• _What you will do_
Directions for the data below: repeat exactly the lines from the one with "S. No. Roll" through the one with "The Pulpit Commentaries", both included, and omit all pictures.

• _Data_
◇ ◇ ◇ ◇ ◇

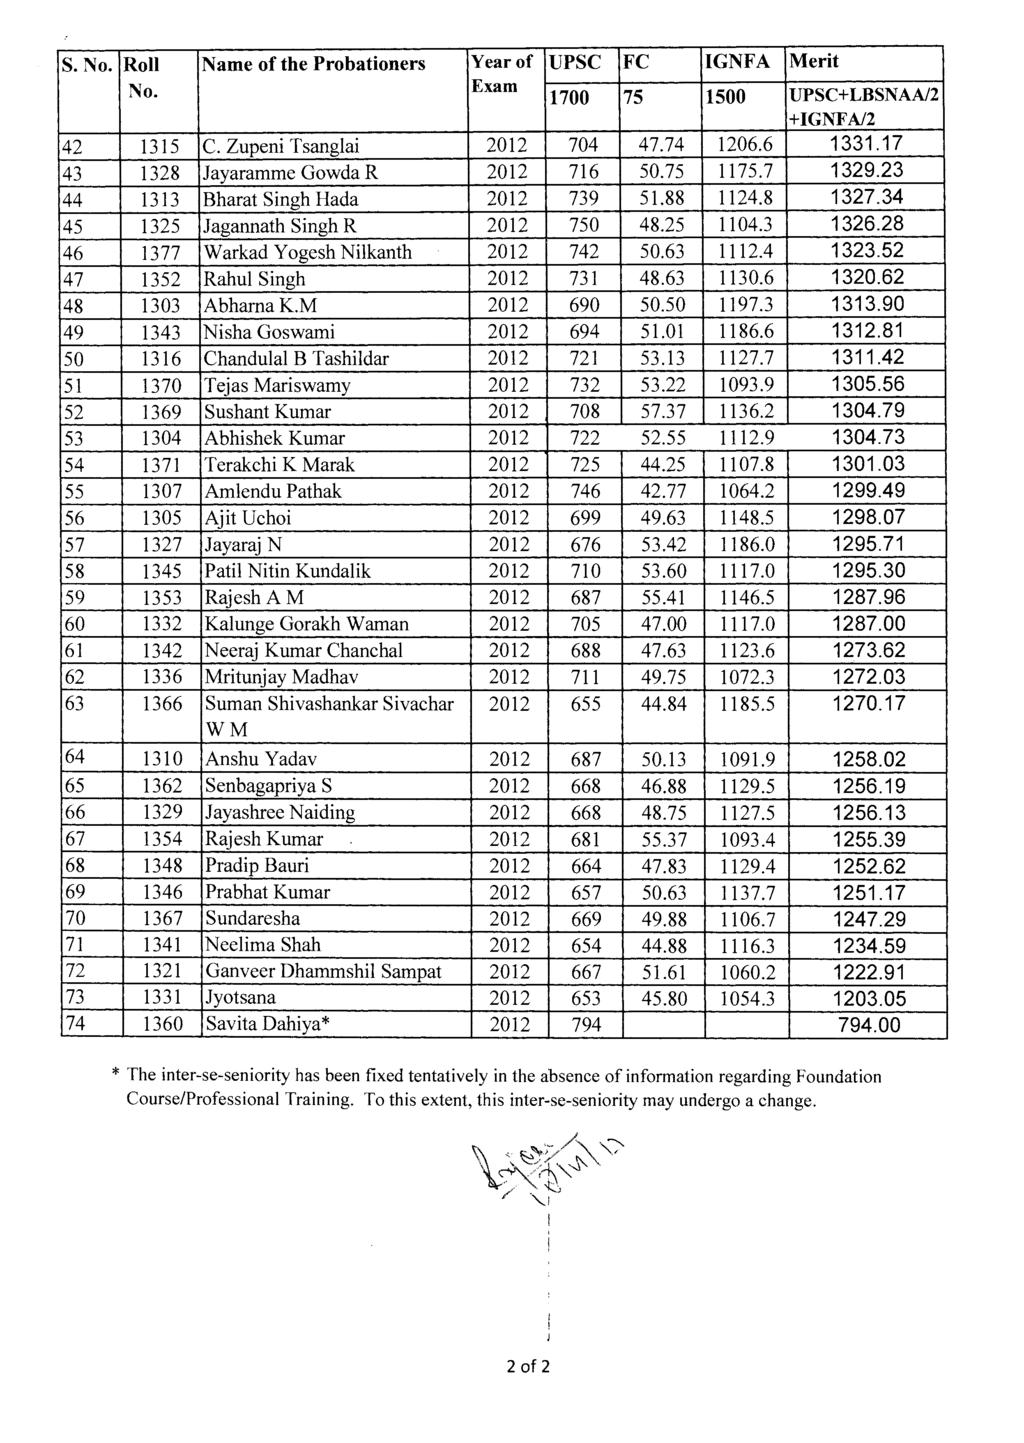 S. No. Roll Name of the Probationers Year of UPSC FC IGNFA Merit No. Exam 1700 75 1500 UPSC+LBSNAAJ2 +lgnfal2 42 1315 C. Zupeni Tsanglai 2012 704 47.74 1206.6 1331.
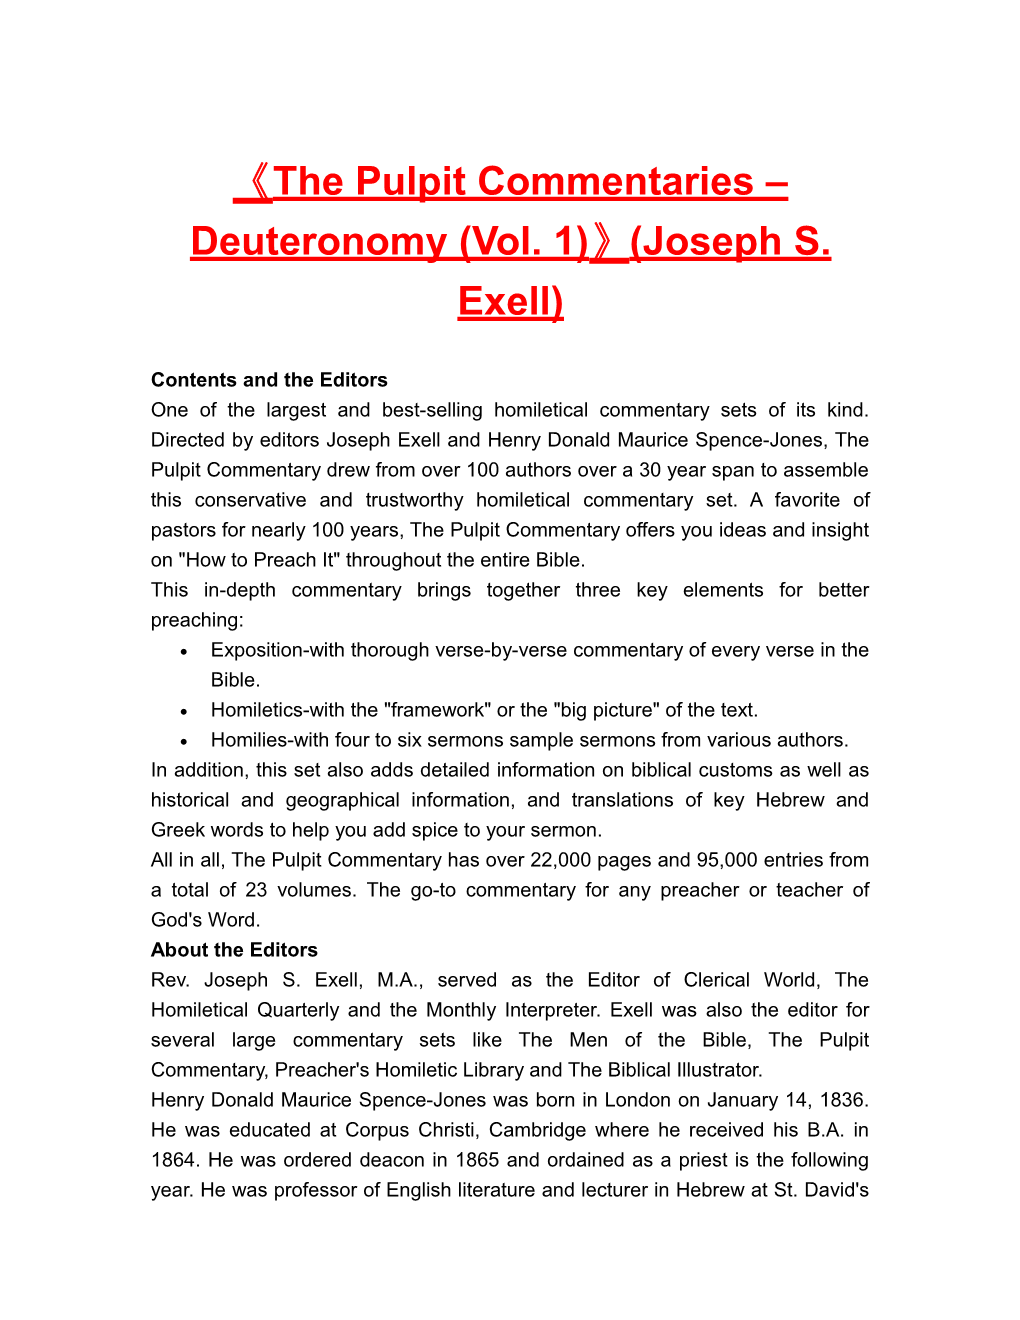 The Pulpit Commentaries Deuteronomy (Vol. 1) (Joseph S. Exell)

◇ ◇ ◇ ◇ ◇

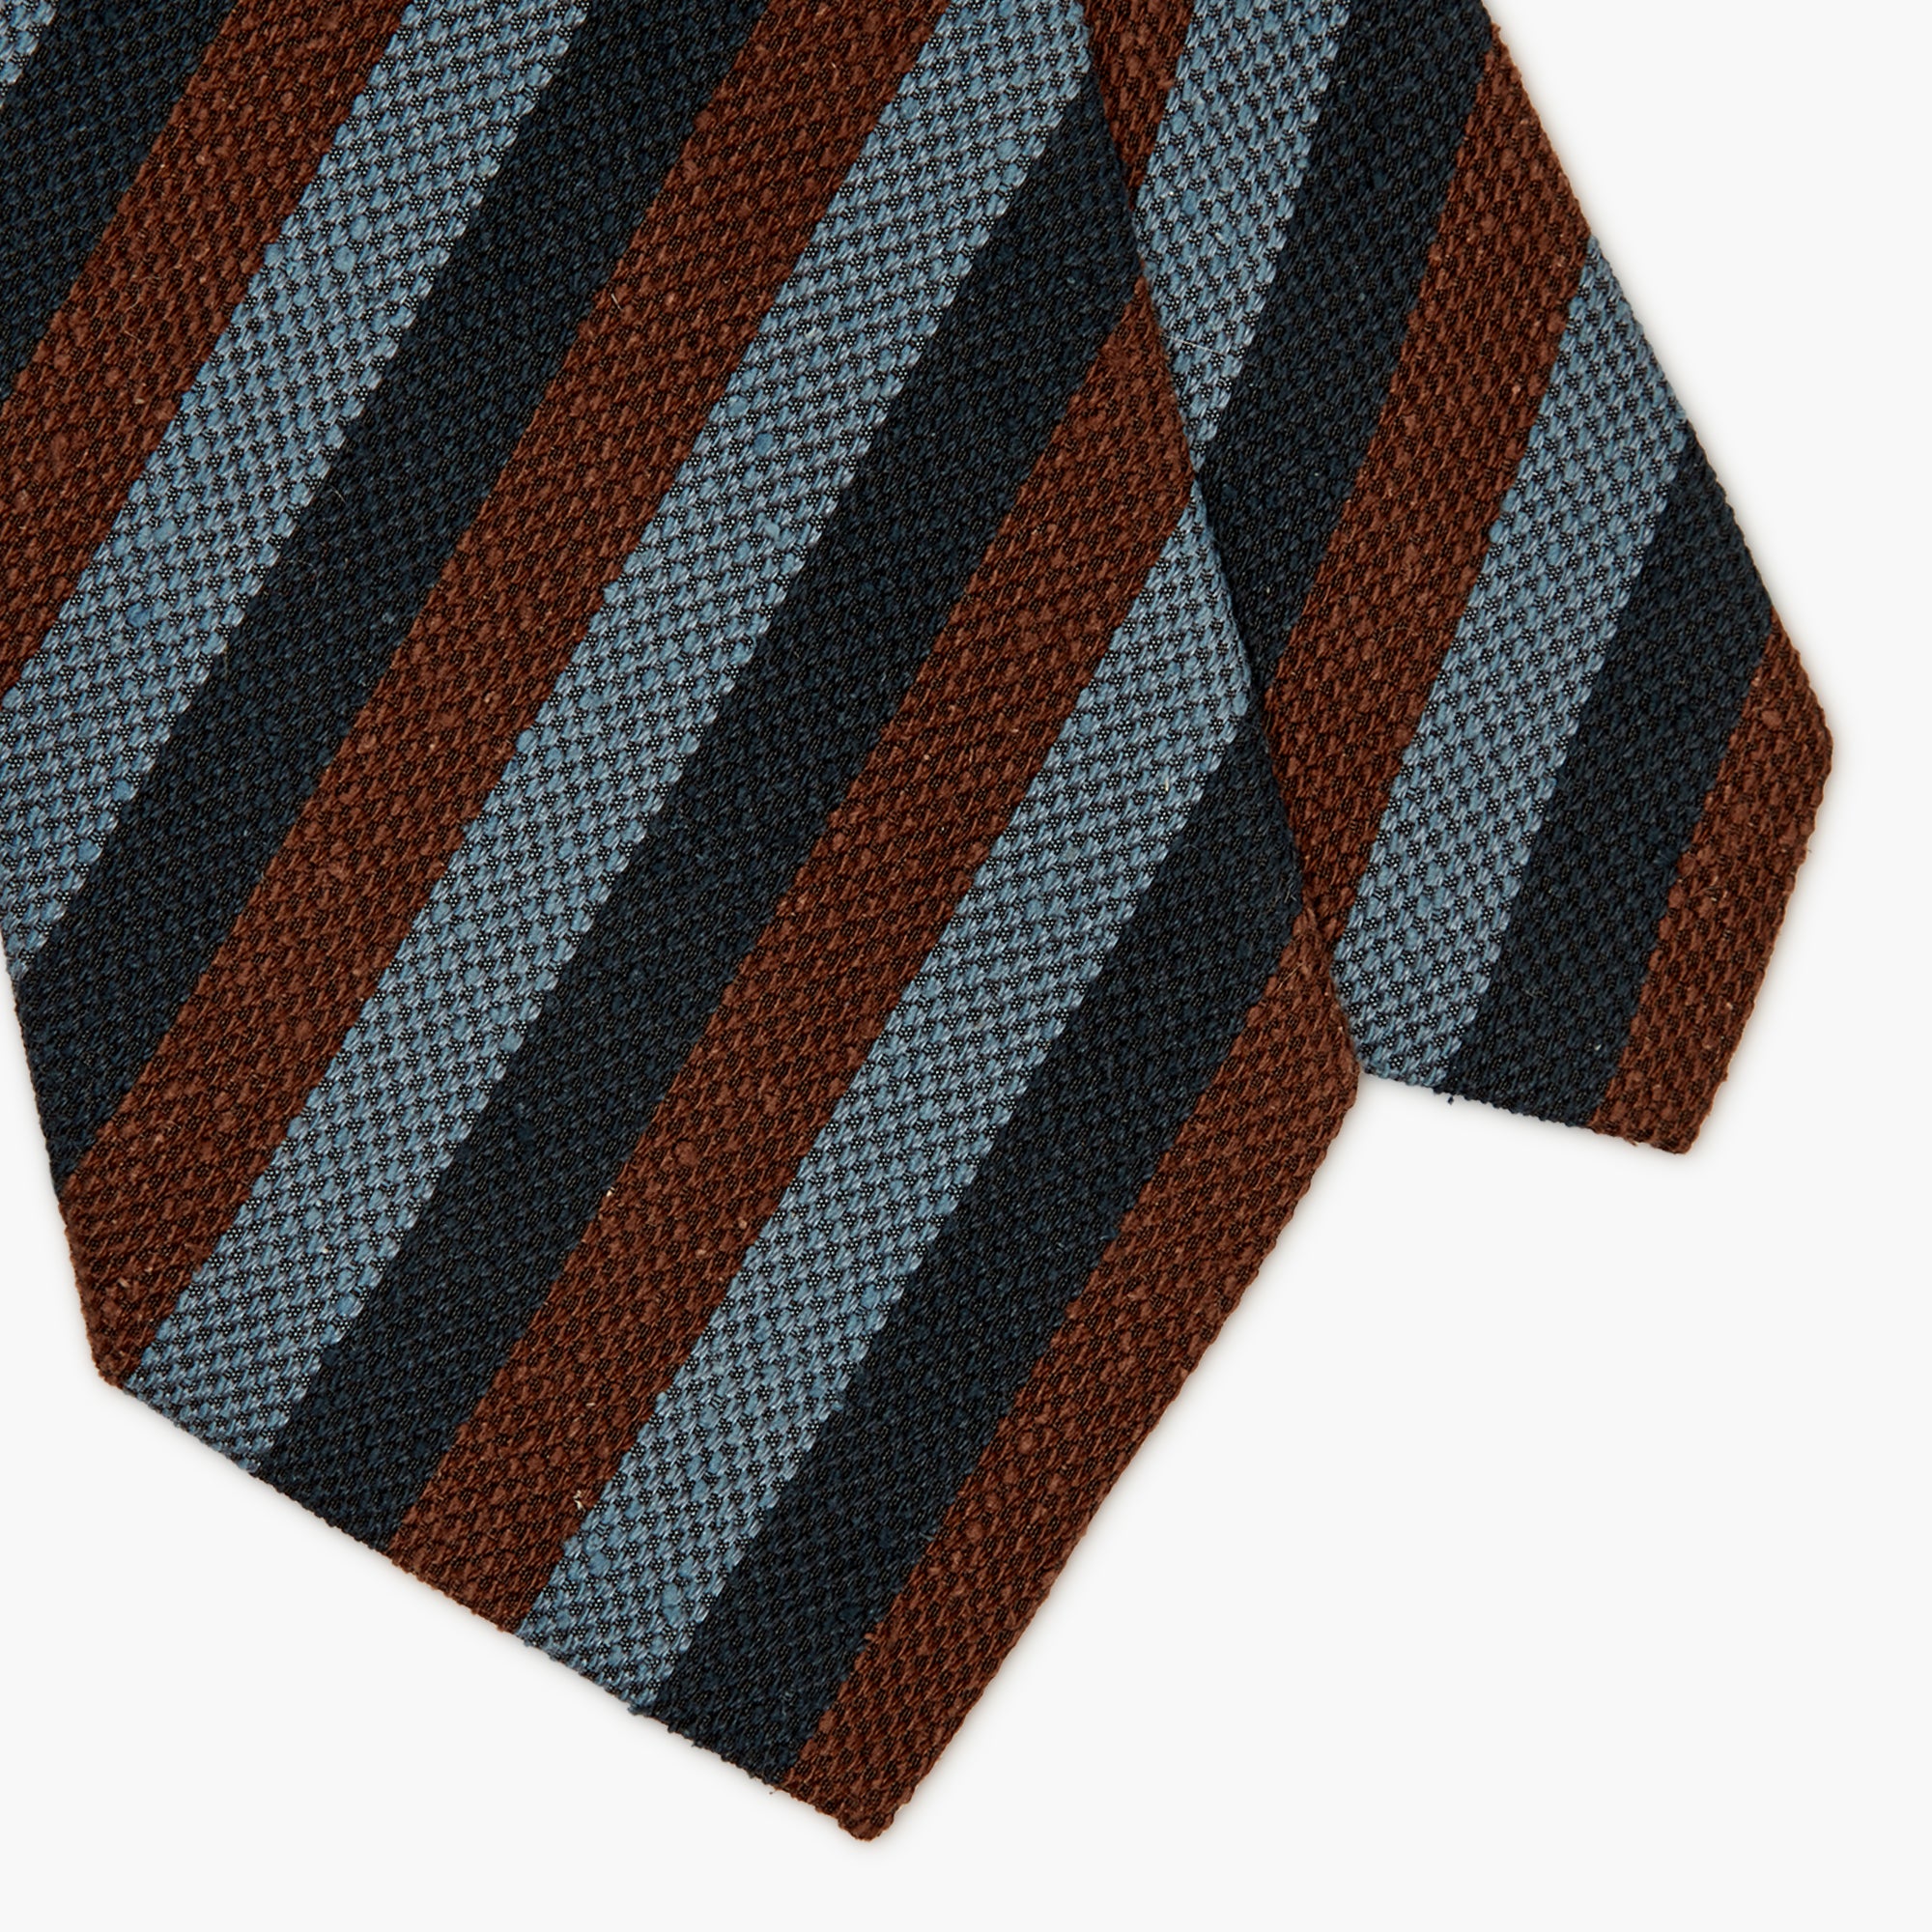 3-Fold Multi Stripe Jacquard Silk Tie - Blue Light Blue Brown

◇ ◇ ◇ ◇ ◇

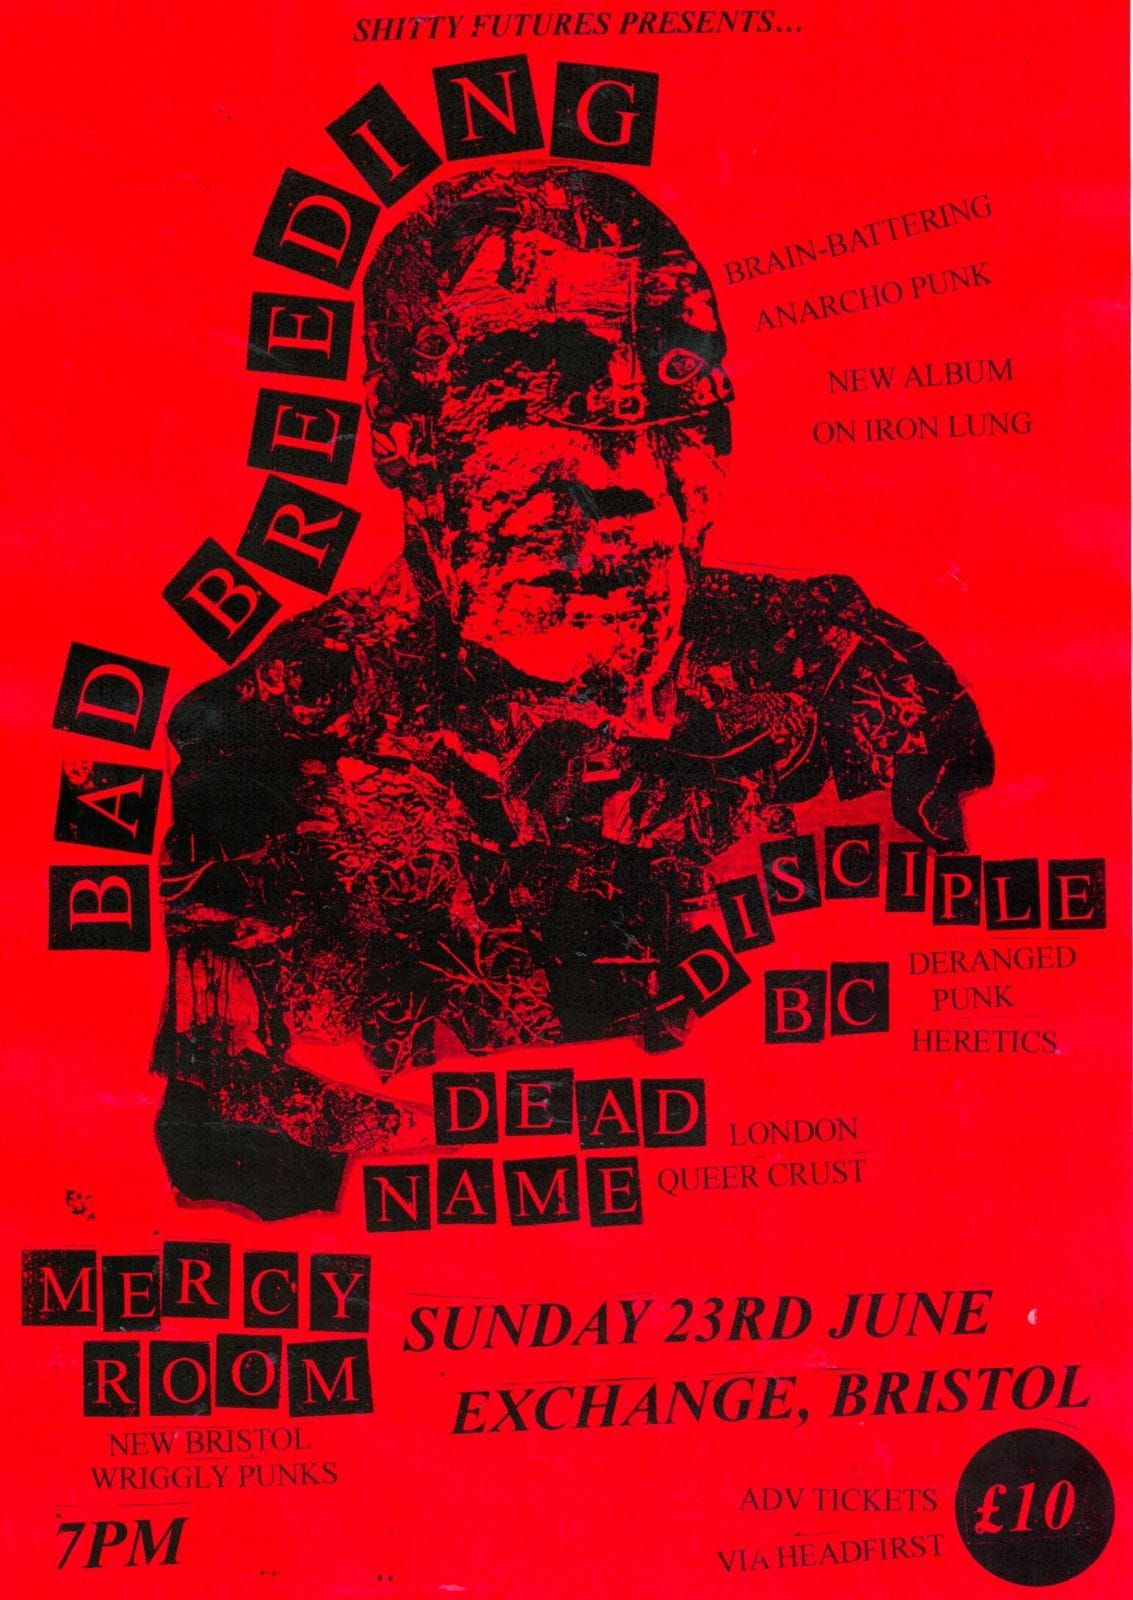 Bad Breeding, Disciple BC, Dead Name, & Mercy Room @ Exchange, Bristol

◇ ◇ ◇ ◇ ◇

• _Output of the task_
 S. No. Roll Name of the Probationers Year of UPSC FC IGNFA Merit No. Exam 1700 75 1500 UPSC+LBSNAAJ2 +lgnfal2 42 1315 C. Zupeni Tsanglai 2012 704 47.74 1206.6 1331.
 The Pulpit Commentaries Deuteronomy (Vol. 1) (Joseph S. Exell)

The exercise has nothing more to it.